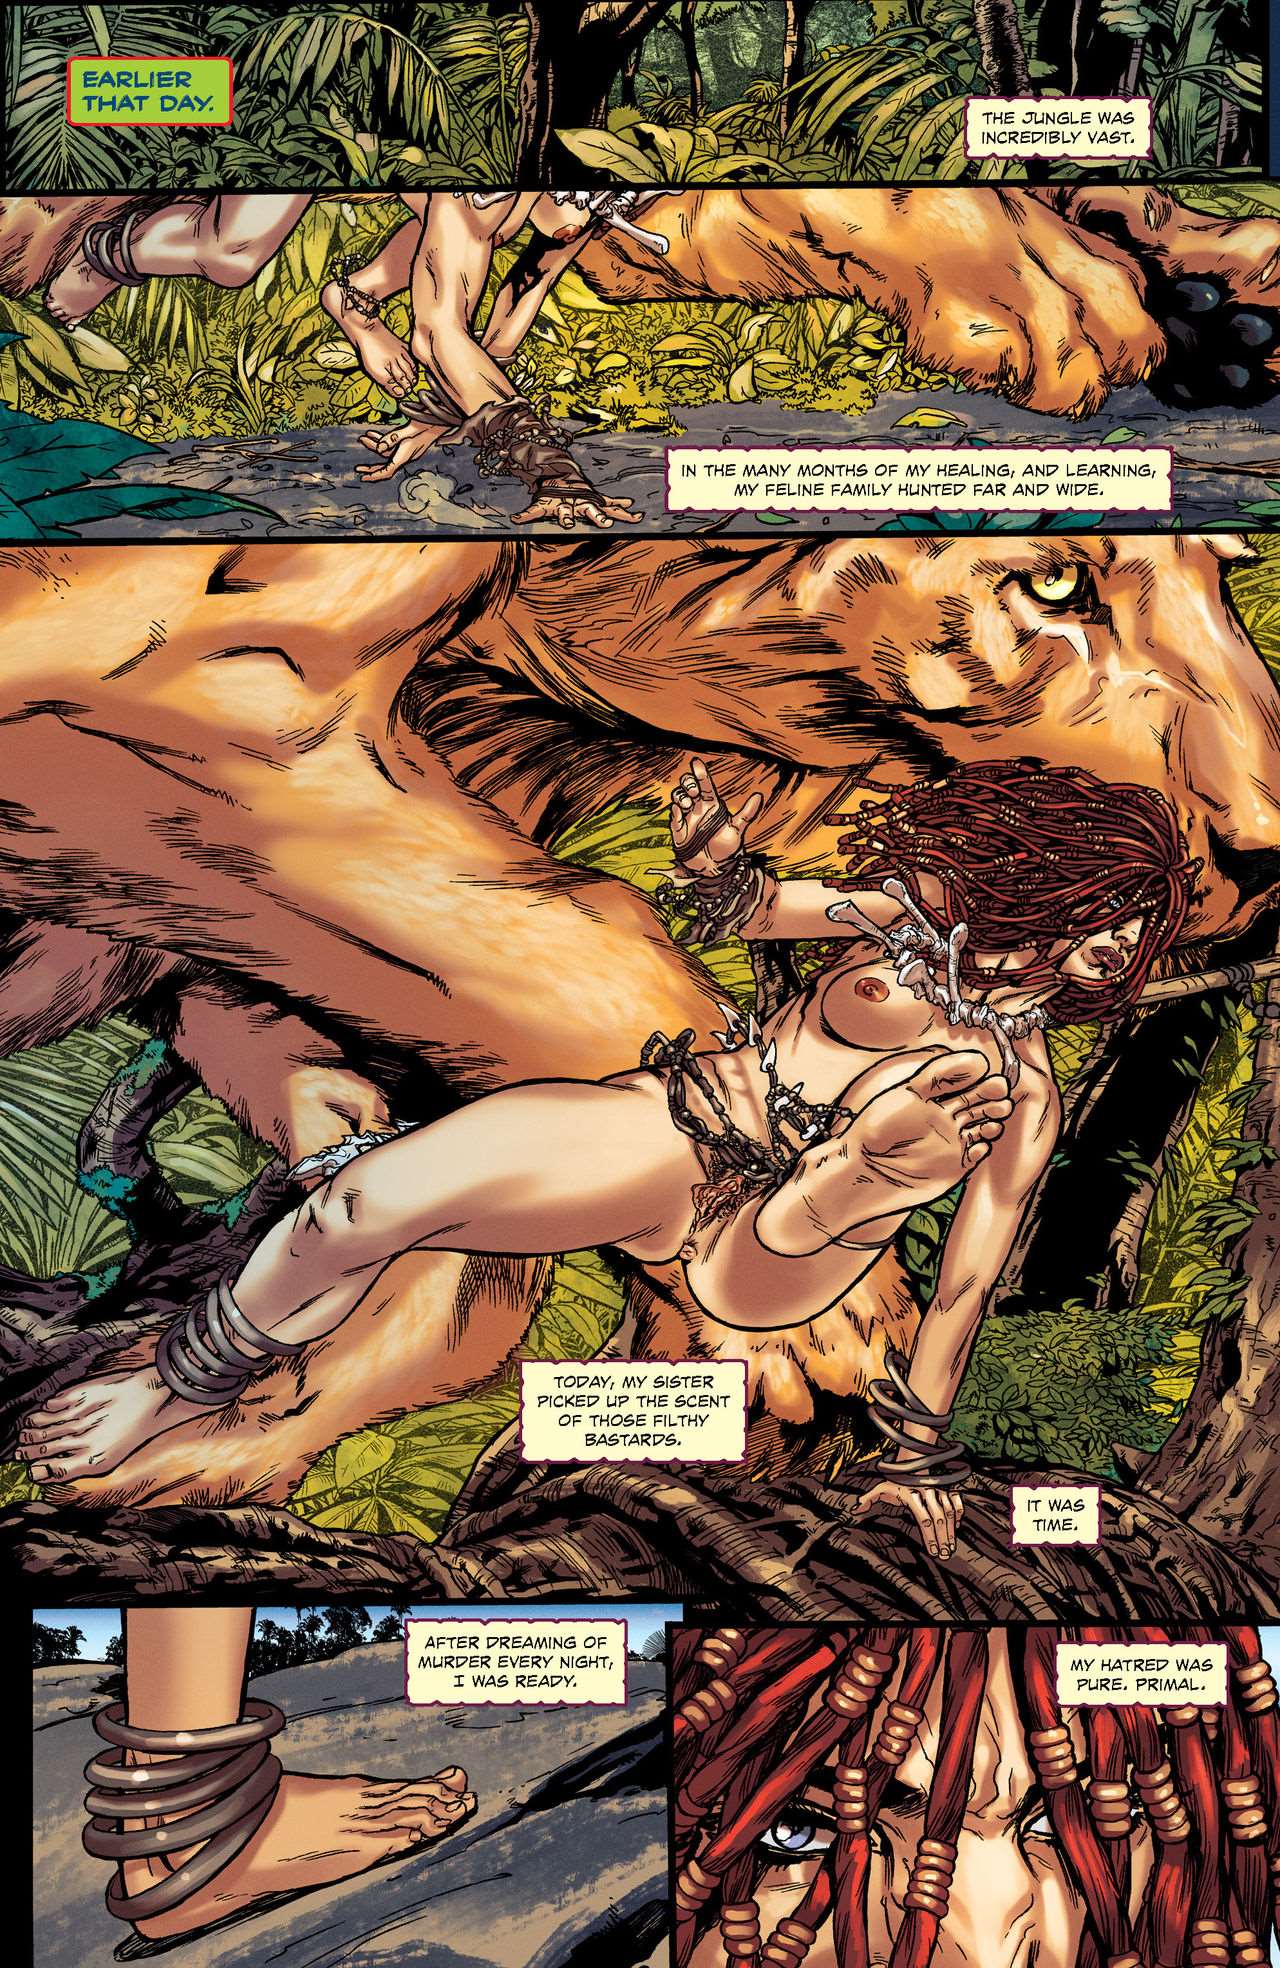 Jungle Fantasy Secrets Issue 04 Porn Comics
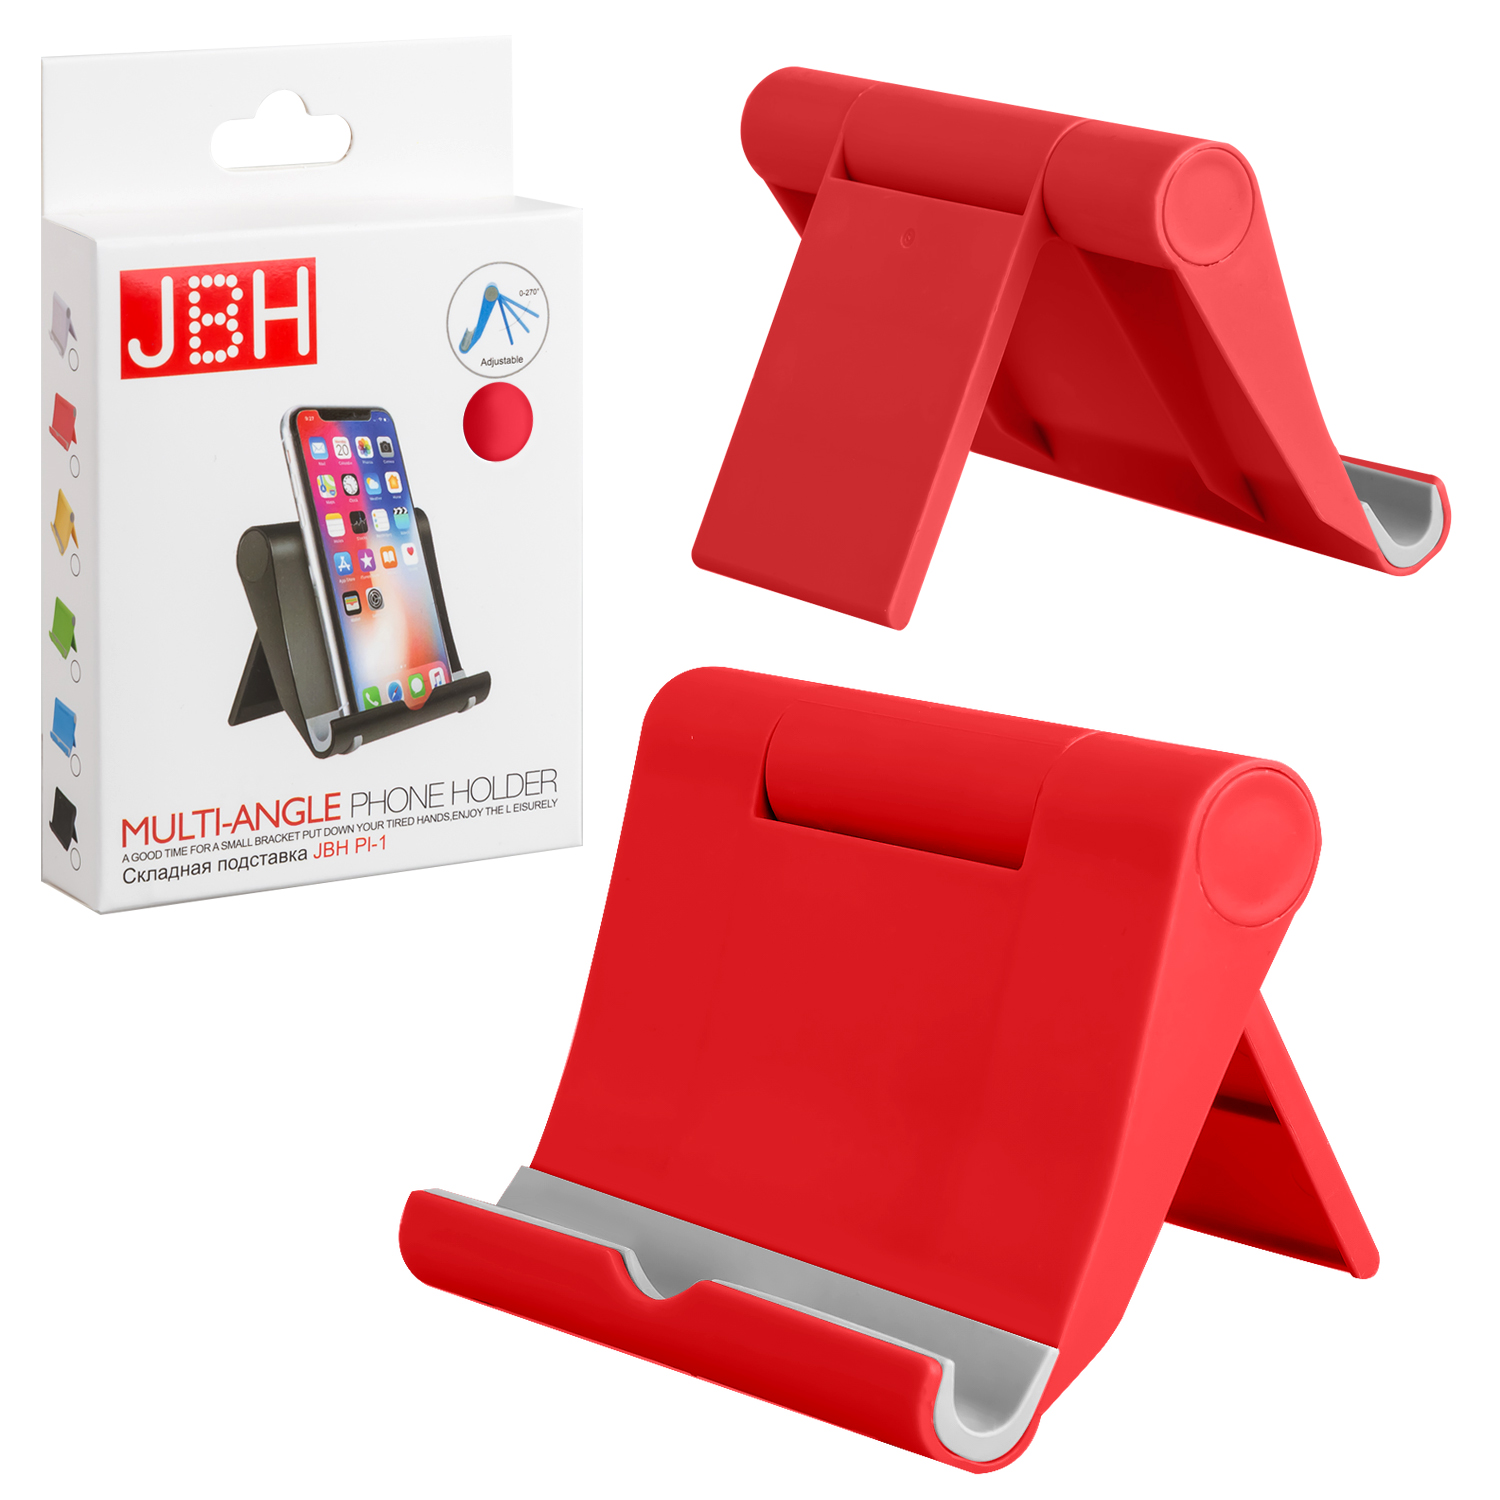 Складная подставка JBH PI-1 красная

==

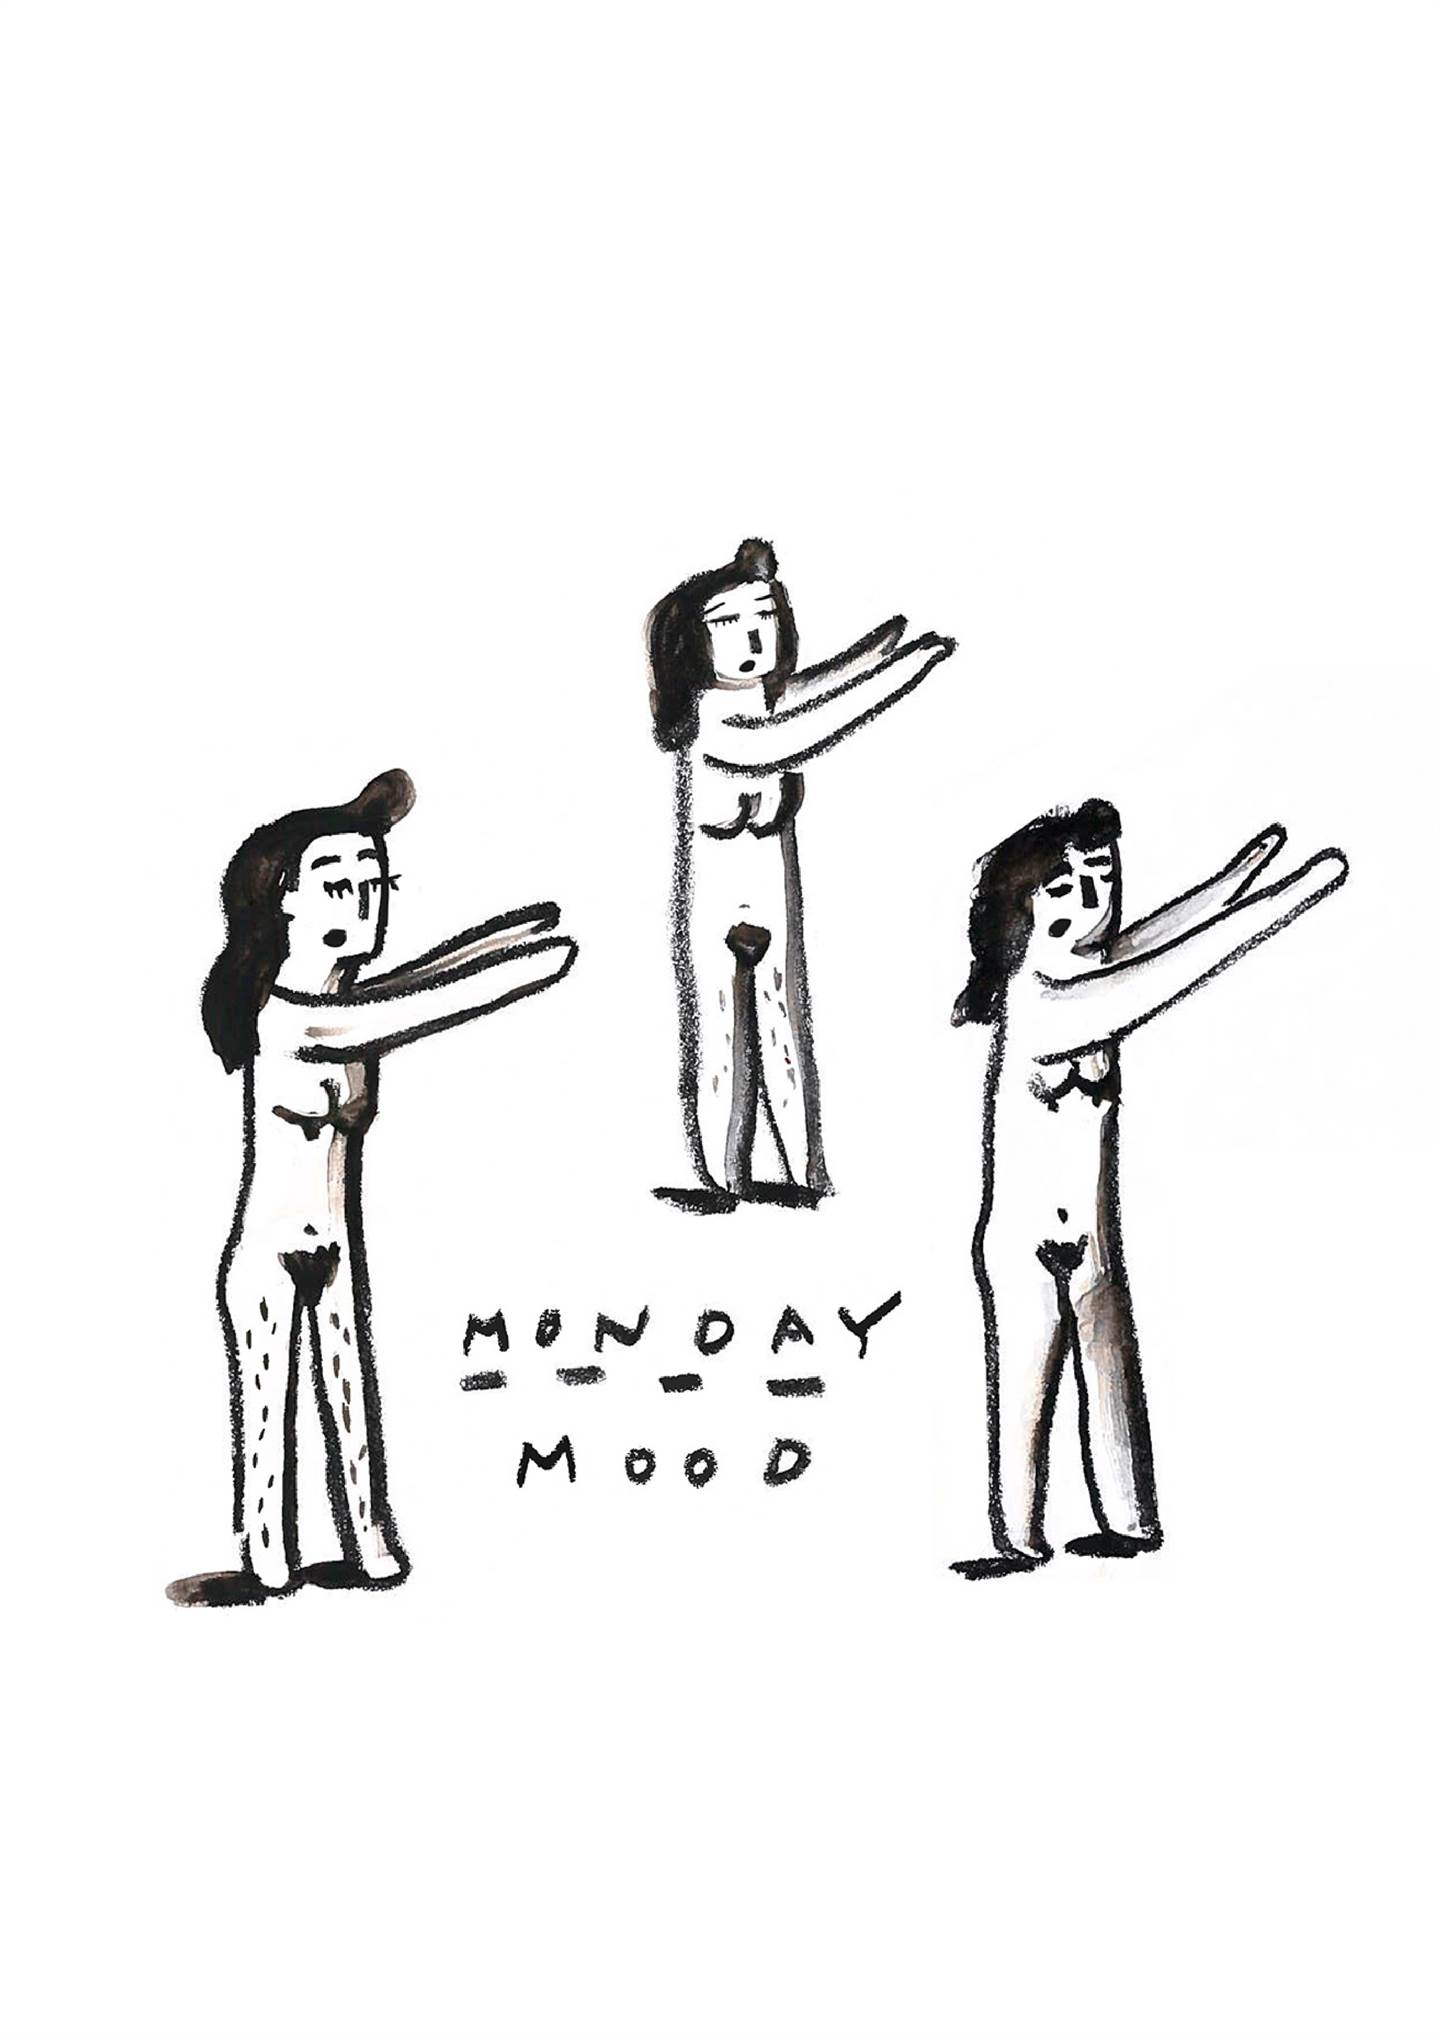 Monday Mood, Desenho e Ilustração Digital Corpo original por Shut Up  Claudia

→ WHAT TO PRODUCE
In the listing above, find the line containing "Jungle Fantasy Secrets Issue 04 Porn Comics" and the line containing "Складная подставка JBH PI-1 красная". Print those two lines and every line between them exactly, with no pictures.

→ RESULT OF THIS TASK
 Jungle Fantasy Secrets Issue 04 Porn Comics
 Складная подставка JBH PI-1 красная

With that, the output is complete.